Launched in 2013 in cooperation with the Polish Film Institute, Polish Days is the top industry event of the T-Mobile New Horizons International Film Festival. According to Magdalena Sroka, the general director of the Polish Film Institute, this joint initiative of the Polish Film Institute and the festival has become one of the most interesting events dedicated to promoting Polish cinema.
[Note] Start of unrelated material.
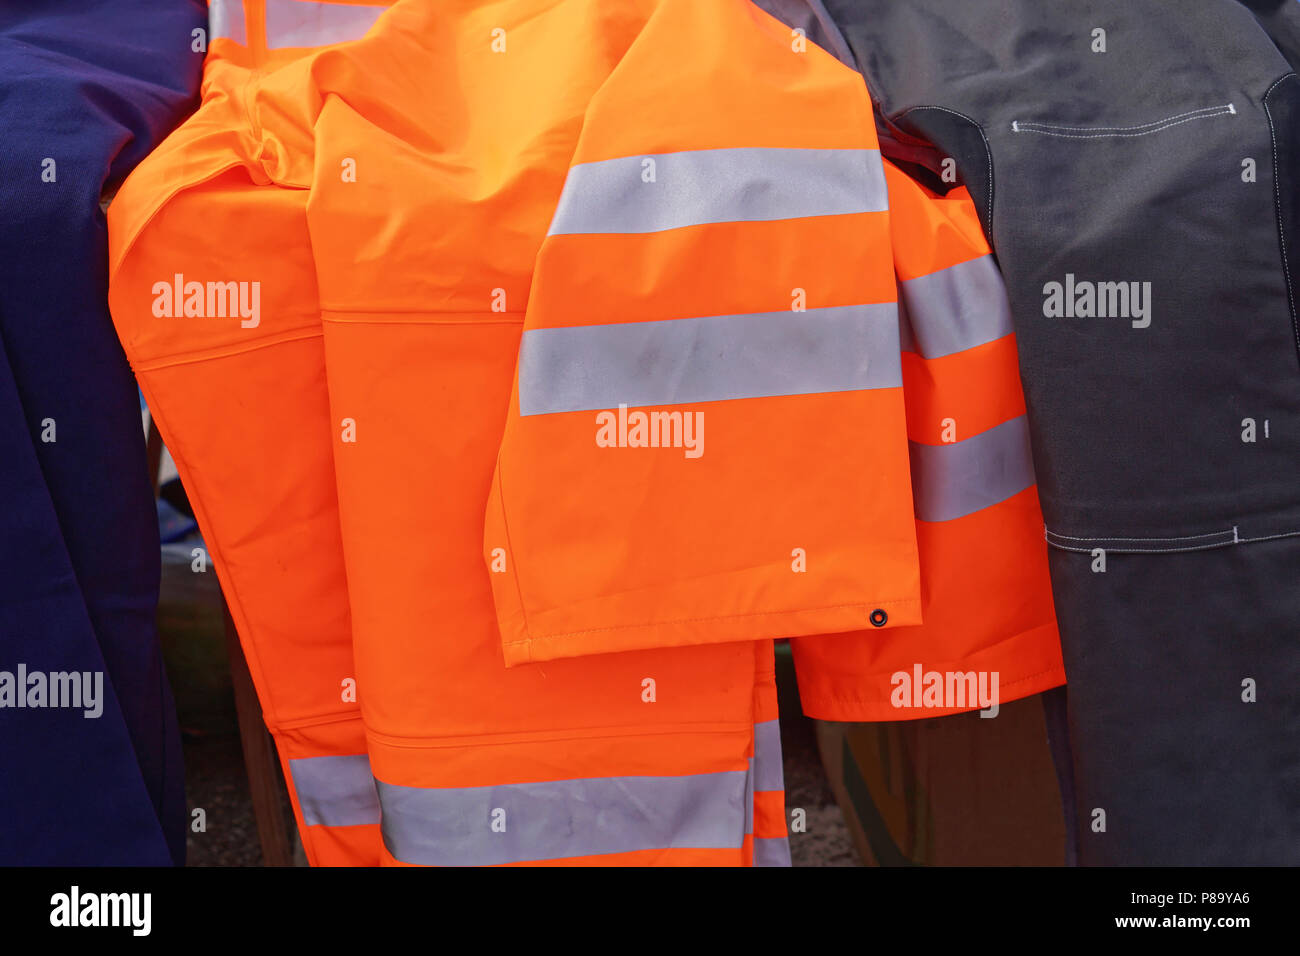 Reflective orange safety clothing for work Stock Photo

Indeed, the importance of Polish Days for the international promotion of Polish cinema cannot be overstated.

During three days, more than 250 representatives of both the Polish and international film industry (producers, film funds, buyers and festival programmers of events such as Berlin, Rotterdam, Semaine de la Critique, Tribeca, Venice and more) met to watch the latest Polish projects at all stages of production at closed screenings. This year, Polish Days took place from 27 to 29 July in the city of Wrocław, the 2016 European Capital of Culture.

It is to be noted that among the films presented in previous editions were “All These Sleepless Nights” (Michał Marczak, 2016), “Warsaw 44” (Jan Komasa, 2014), “Papusza” (Joanna Kos-Krauze and Krzysztof Krauze, 2013), “Floating Skyscrapers” (Tomasz Wasilewski, 2013), “The Congress” (Ari Folman, 2013), “Gods” (Lukasz Palkowski, 2014), “Wałeşa” (Andrzej Wajda, 2013), “Life Feels Good” (Maciej Pieprzyca, 2013) or “Citizen” (Jerzy Stuhr, 2014).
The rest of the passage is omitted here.